Ernesider | Oct 06, 2011, 09:16 PM EDT
Paddy Duffy! Are you some sort of eejit? Some have lived along the border longer than you. You must have always been well enough off to take such an aloof view of things. A sort of a Horse Catholic I'd be thinking. The problem with boys like you, Mr. Duffy, is you get me so upset since I can never understand how you can take such a position. I might do jail time if I ever met you. God you madden me. "Plantagenet : The truth appears so naked on my side That any purblind eye may find it out. Somerset : And on my side it is so well apparell'd, That it will glimmer through a blind man's eye". Jaysus, you have me now turning to Shakespeare to figure you out.
fermanaghman | Oct 06, 2011, 10:09 AM EDT
Mr. Duffy's pro Brit opinion does not belong in our Irish Central. His ignorance is the best example of English propaganda. Slan abhaile, Mr. Duffy (and the editor that allowed this article to print!) Ireland was one nation and will be one nation again. Brits out now!

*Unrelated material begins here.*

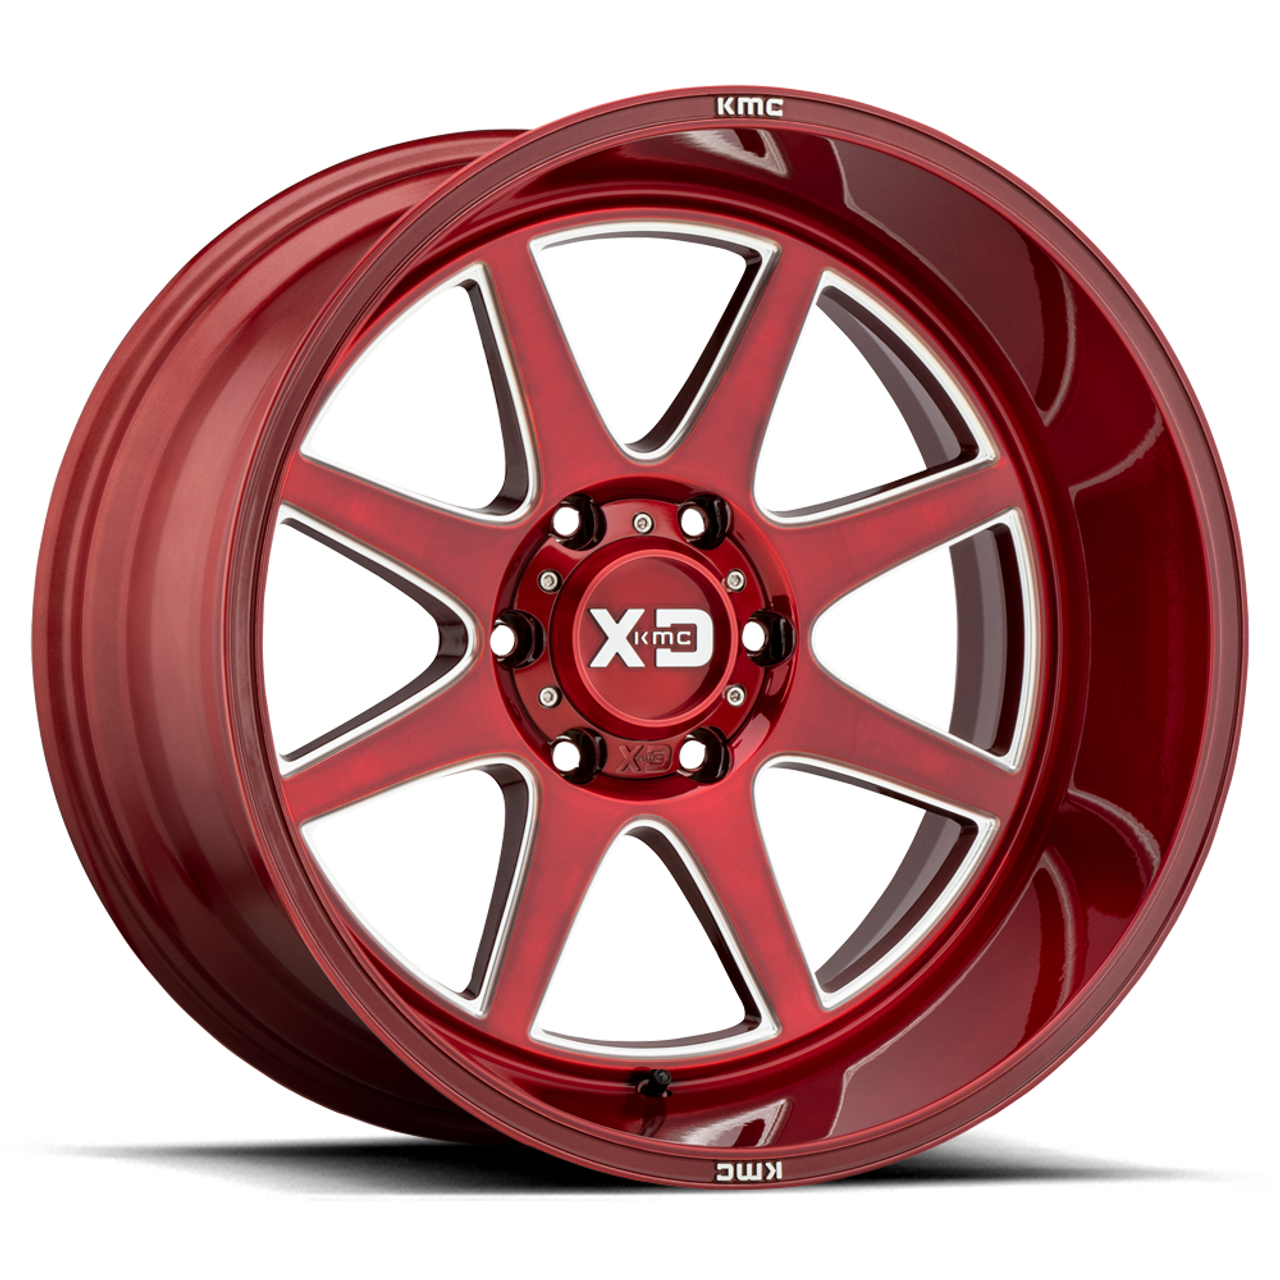 XD XD844 Pike 20x10 8x6.5 Brushed Red With Milled Accent Wheel 20" -18mm Rim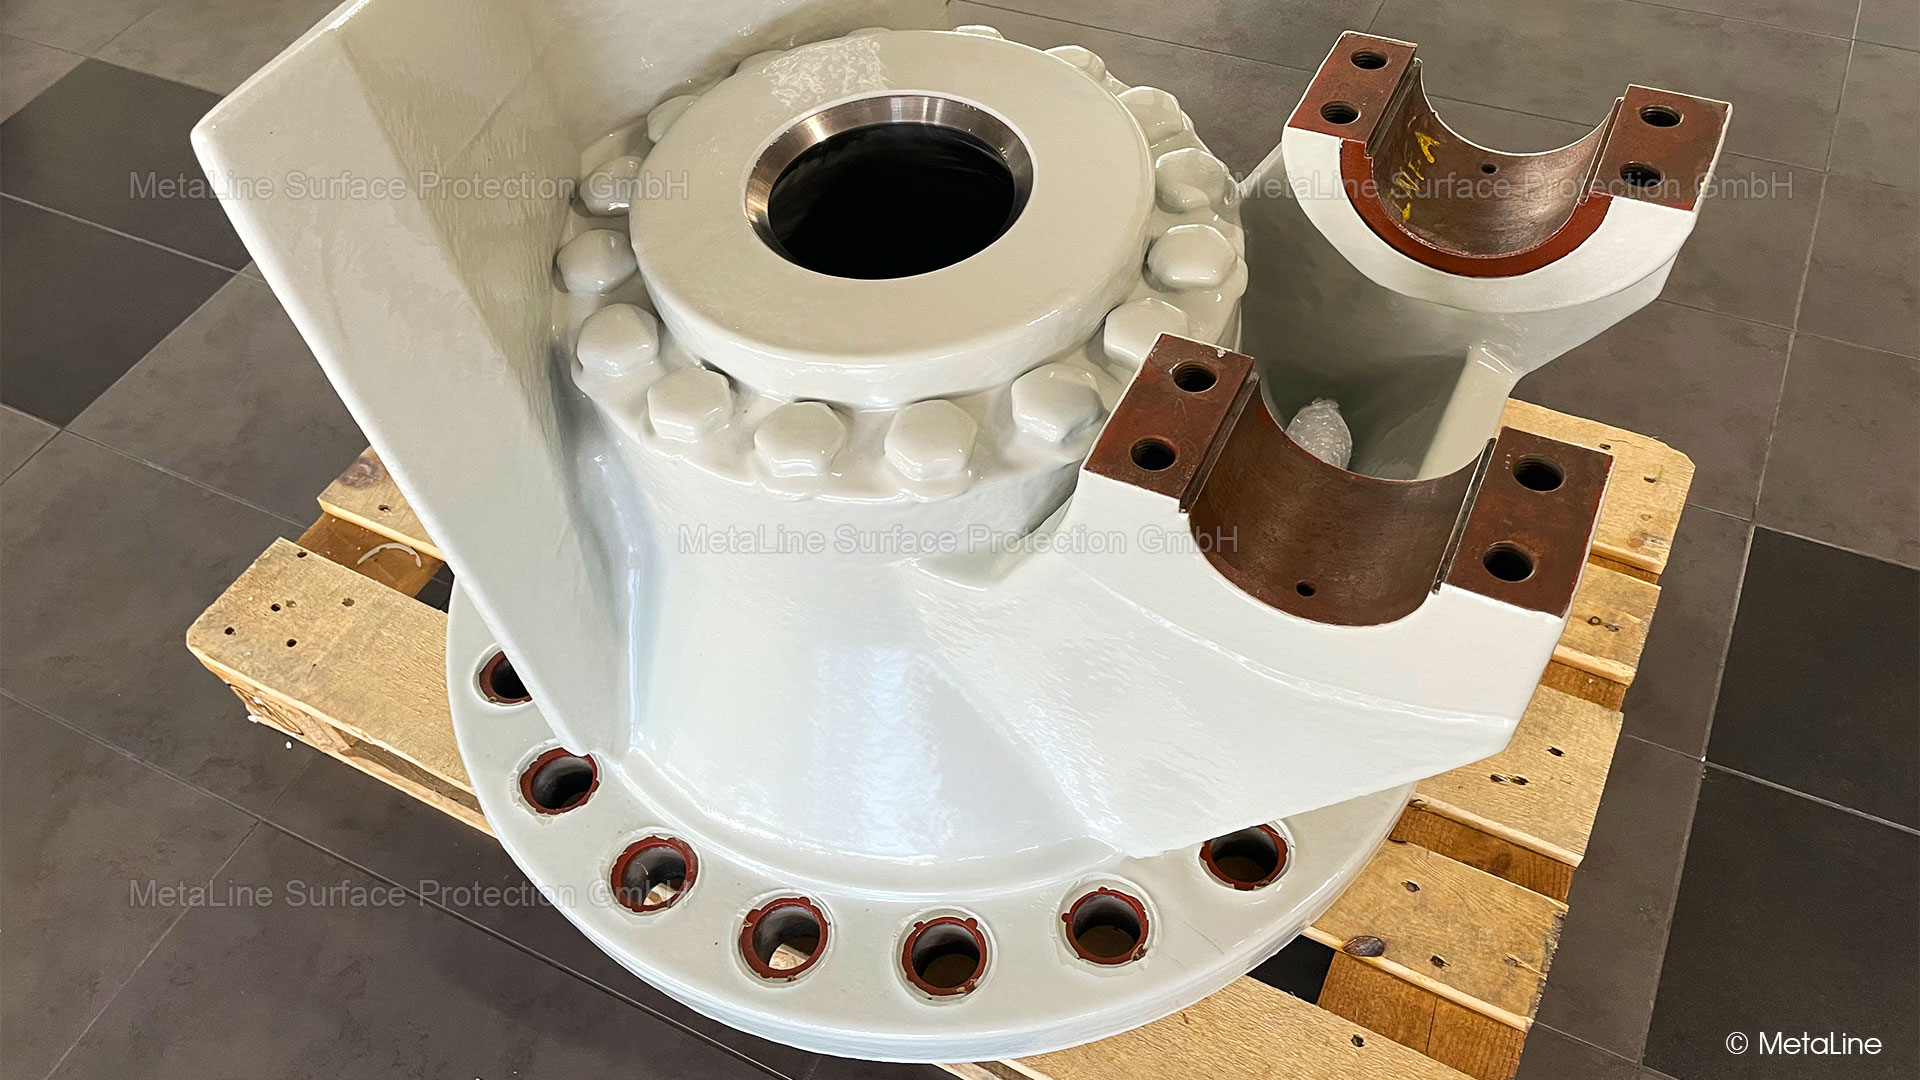 <!-- START: ConditionalContent --><!-- END: ConditionalContent -->   <!-- START: ConditionalContent --> Impeller; Turbine; Kaplan; Francis; Wear; Erosion; Corrosion; Cavitation; Repair; Wear-resistant; Coating; Ceramic; Guide Blade; Guide vane; Wear-resistant;  <!-- END: ConditionalContent -->   <!-- START: ConditionalContent --><!-- END: ConditionalContent -->   <!-- START: ConditionalContent --><!-- END: ConditionalContent -->

JOHNTOBIN | Oct 06, 2011, 02:12 AM EDT
I believe the latest poll shows that the majority of Catholics in Northern Ireland would prefer that the North stayed united with the UK.
Gearoid4 | Oct 05, 2011, 09:26 PM EDT
Aughavey, the battle between Cuchulain and Queen Maeve was an inter-dynastic war between two Irish factions and not a battle between Ulster and the rest of Ireland. During the reign of Brian Boru(941-1014), the High King of Ireland, the Kingdom of Leinter was warring constantly with the King Brian's native Munster and this does not suggest that Leinster was battling the rest of Ireland. Ulster has been one of the strongest repositories of Irish Gaelic culture and resisted valiantly the invasions by Anglo-Normans, Tudor Kings and Queens. Gaelic Ulster was the last Irish bastion to fall despite the great military resistance led by Hugh O'Neill(Earl of Tyrone) and Hugh O'Donnell(Earl of Tyrconnell)against English rule under Queen Elizabeth 1st. You state that Ireland was given to an English King to spread Catholicism. This is a very simplistic and distorted view of a disputed event which involved a bull called "Laudbiliter" in 1154 which supposedly granted the English King Henry 11 complete sovereignty over Ireland if he managed to get the existing Church structures overhauled. There is a substantial body of opinion among the experts of this period that the letter was a forgery or amended by Henry to make it look like he was given certain powers by the pope that in reality he was not given.
patriot | Oct 05, 2011, 07:25 PM EDT
Utter ignorant bullocks. Has this person ever read A HISTORY BOOK? The column is so filled with historical inaccuracies and unionist opinion camouflaged as Irish opinion that is mist be called an utter falsehood. In the 1600s the brits sent the scotch over to Ulster to murder the Catholics and steal their land. THIS IS A FACT. And it is the main reason that we Irish Patriots will unite Ireland. Writers like this can be happy as clams in Glasgow, which she seems to love so much, but she is not wanted on our Island. Unite Ireland by 2016! Brits out! Up the RA!
Aughavey | Oct 05, 2011, 06:26 PM EDT
`A border which never made any geographical, social or economic sense ` lol clearly you have never heard of cuchulain or the Black Pigs Dyke, Queen Maeve or Dalriada then? Ulster has existed as a separate Kingdom from the rest of Ireland in various forms down the centuries and has existed as part of a Kingdom encompassing parts of Scotland at a time as well. LilPaddya says `come pick up their national flag AND TAKE IT HOME.... Keep in mind, Ireland was not "given" to England.... ` sorry but the flag is to do with Ulster Loyalists born and bred in ulster and nothing to do with England. Secondly the Pope gave Ireland to England in order to spread Catholicism a thousand years ago.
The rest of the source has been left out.